Tuesday, April 23Royal Holloway's offical student publication, est. 1986

Keep CALM

I’m walking through Waterloo Station and around me are posters and screens showing me the new summer fashion line and the blockbuster movies. With summer here, we are more than ever exposed to what the consumer market says we should look like, eat like, act like, be like. While the pressure on women is intense, the less focused and damaging stress is on men.
With chiselled abs on store fronts and male heroes blowing things up and punching it out rather than talking it out on the silver screen and sport season reaching its peak, men are more than ever told that overcompensation is a key trait of their gender and this is dangerous, especially for our generation of young men.
Defined as the ‘exaggeration of male stereotypical behavior, such as physical strength, aggression, and sexuality’, Hypermasculinity is a psychological term that may very well be the linked to many social issues such as violence, homo or transphobia, suicide and misogyny. Originally theorised by Leonard Glass in Psychiatry (1984), hypermasculinity is divided into two categories, ‘man’s man’ and the ‘ladies’ man’, the unemotional tank and the charming sexual predator, respectively.
The tropes of these extreme forms of masculinity are damaging as they are widely applied through media and evolve into cultural values; men don’t talk about feelings, men must be strong, men must be fit, men must be dependable, men must be mystified by women. There is a gender identity crisis for what constitutes ‘men’ especially for young people, with male suicide rates three times the female and highest since 2001 (The Guardian, February 2015).
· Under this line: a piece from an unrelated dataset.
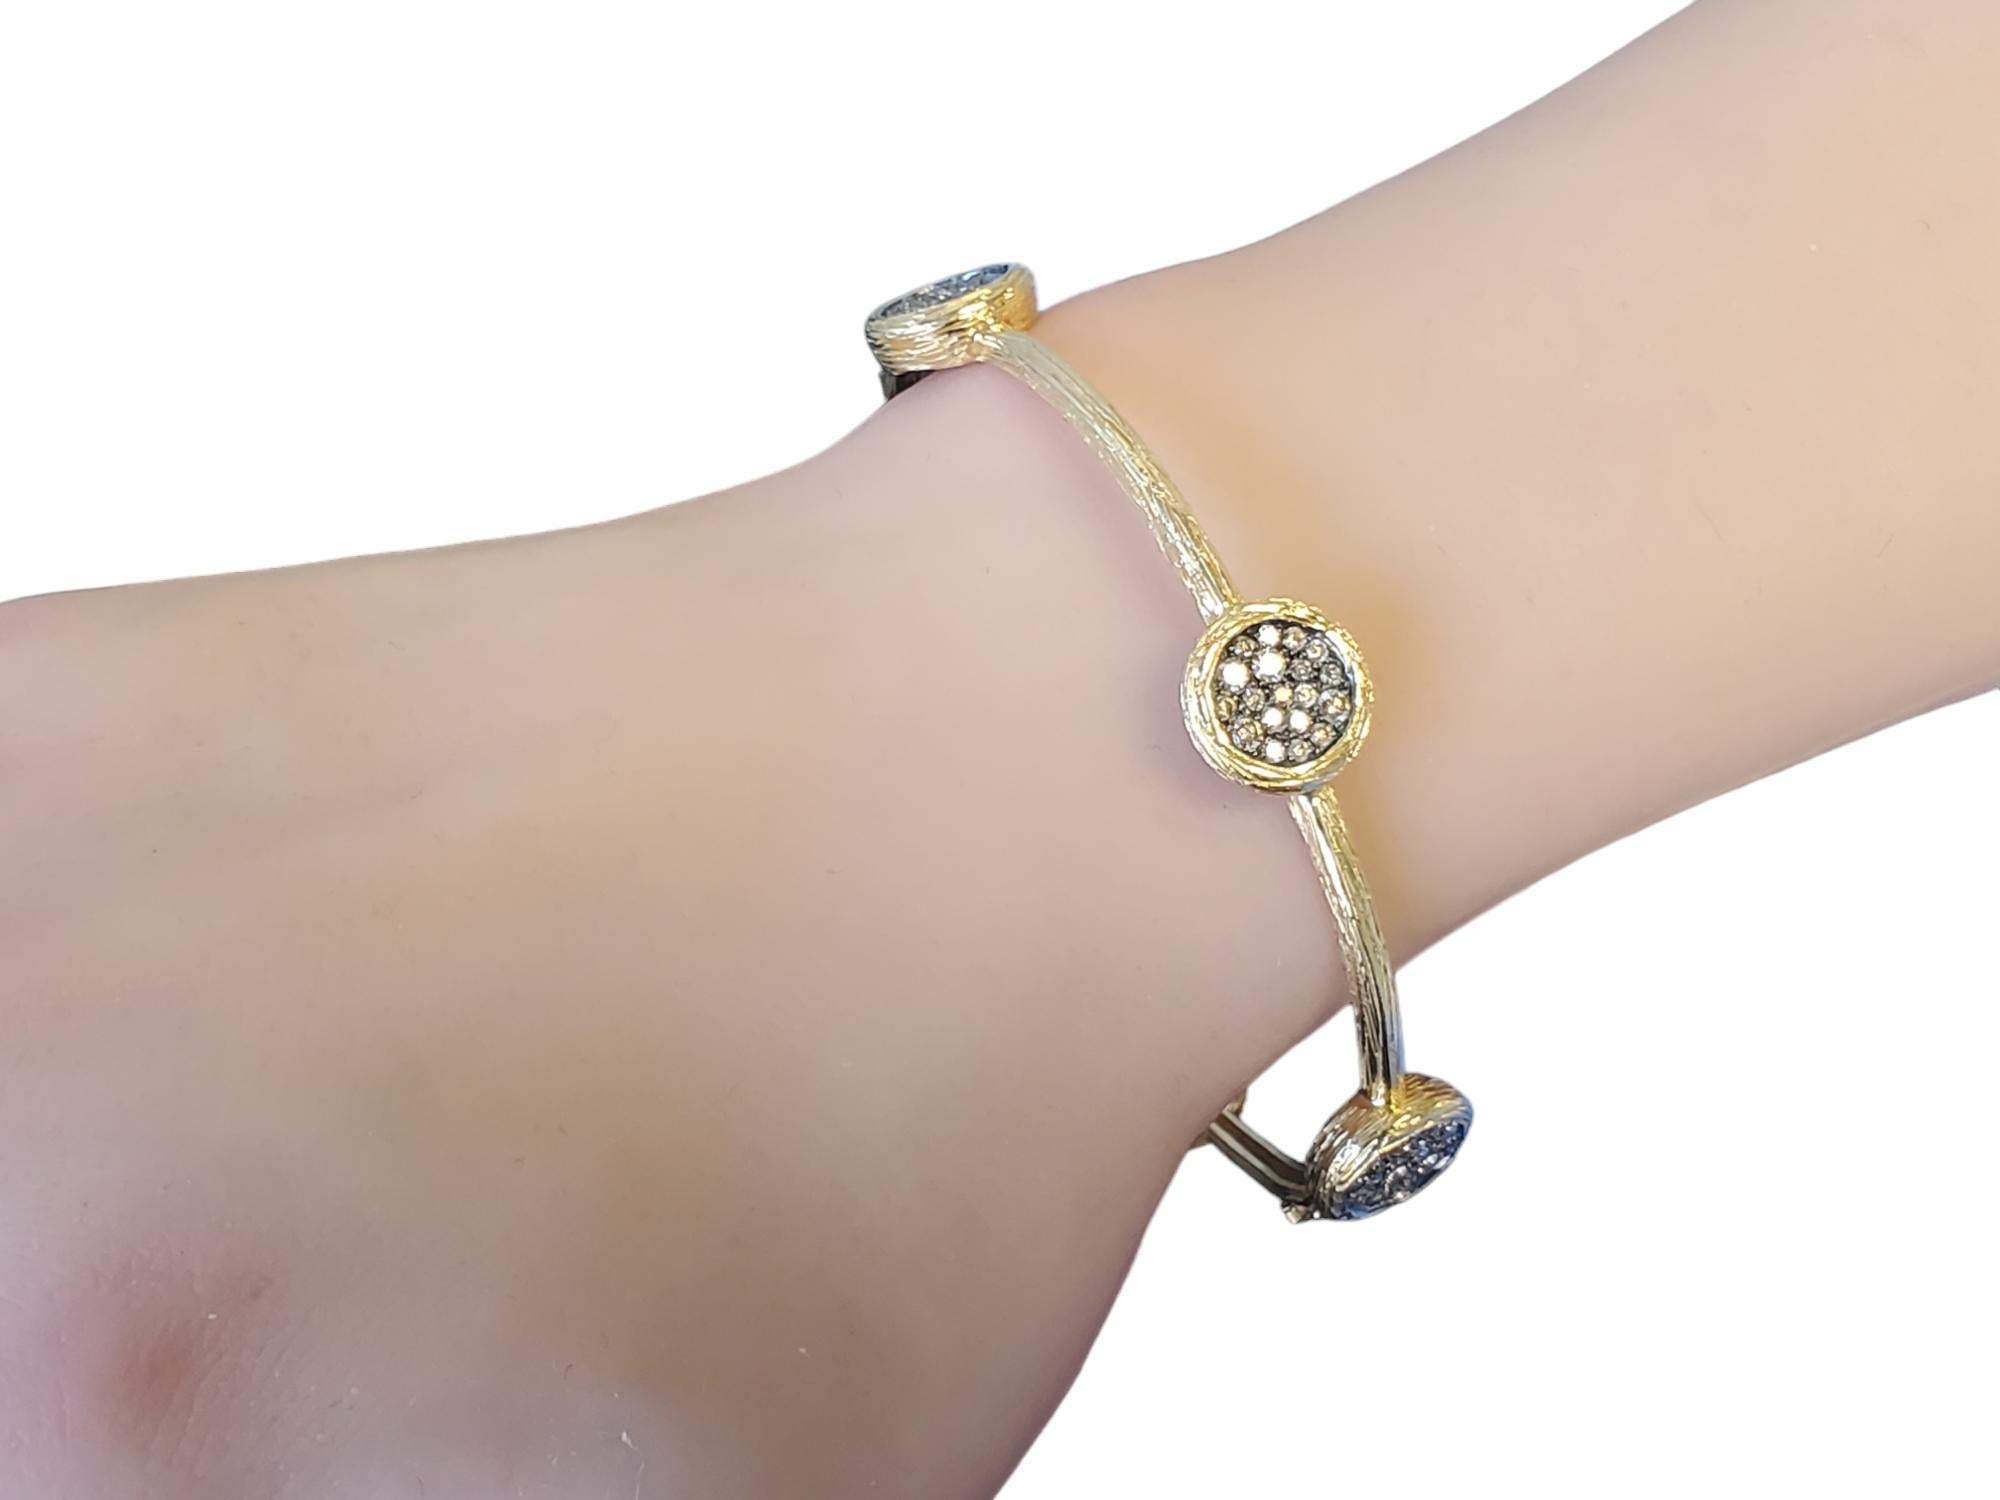 Listed is a 14k yellow gold bangle with nice mixed shade chocolate color diamonds. This designer bracelet has a really nice and unique finish to the metal, the craftsmanship is outstanding. It features 1.59tcw round brilliant diamonds that are SI in
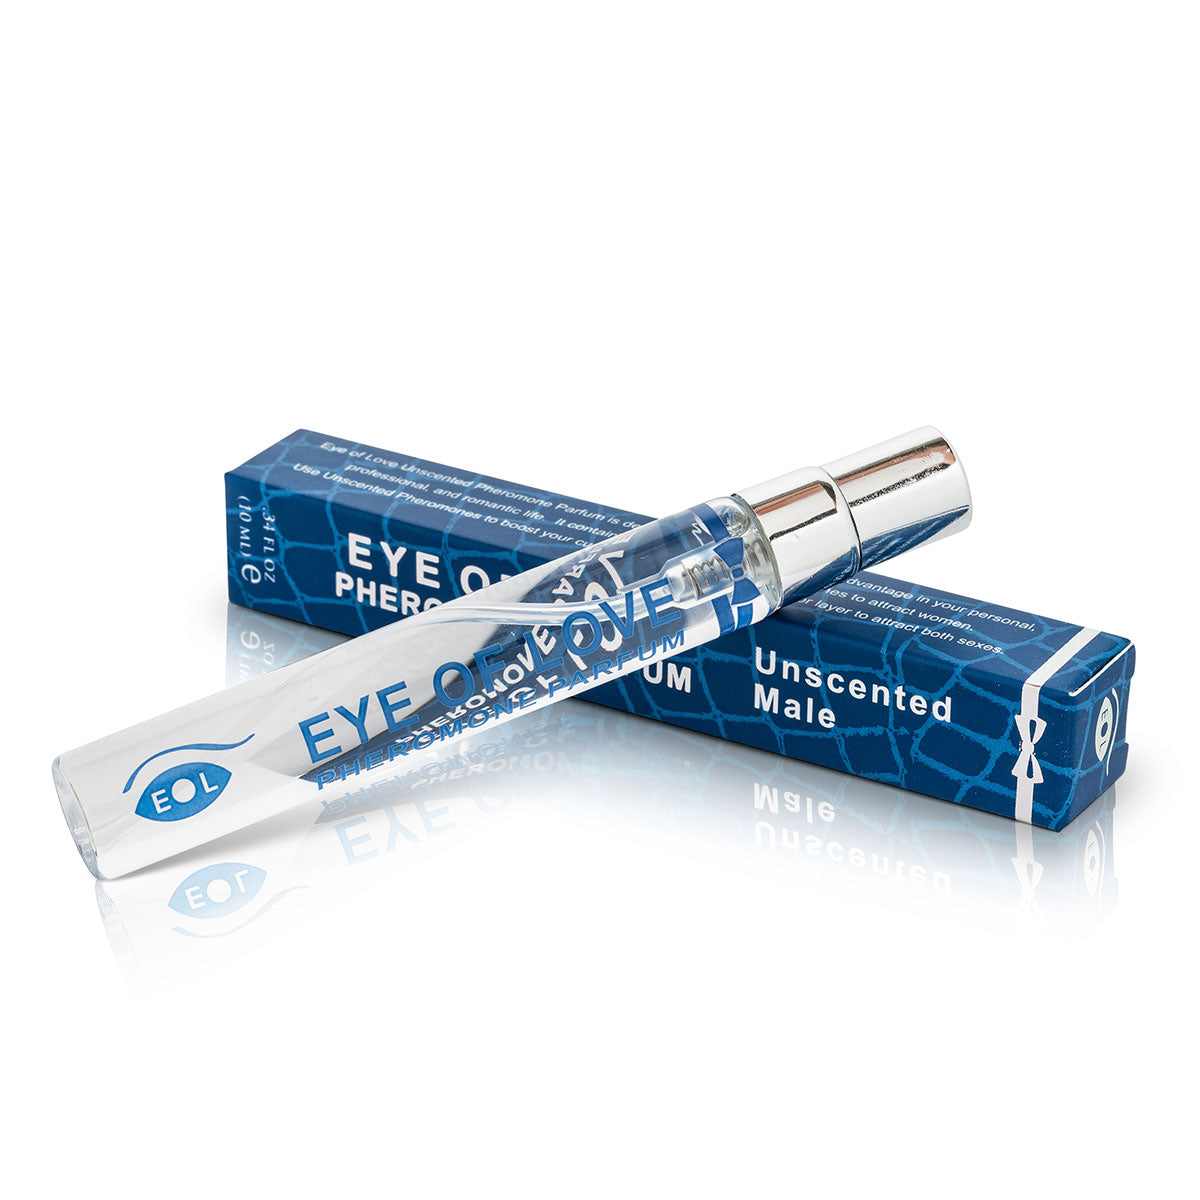 Eye of Love Pheromone Parfum 10ml  Unscented Male (M to F) Intimates Adult Boutique

Of course, while I was aware of it as a gendered issue, it was the promoters of CALM (Campaign Against Living Miserably) who explained to me that it was a mental health issue that is gone unnoticed. “No one speaks about it,” Hannah, her name tag told me, as I wandered past stalls put up at Waterloo Station for Mental Health Awareness Week, bright pink shirt with #Mandictionary on it. “The campaign is to allow men to define themselves in their own terms, to encourage them to speak.”
While our generation has access to wider forms of communication and connection to each other, we need to encourage it on a personal level. Hypermasculinity is in a transient phase within global social trends in our generation’s realignment of gender identity and relations, and we should contribute to its movement towards the exit.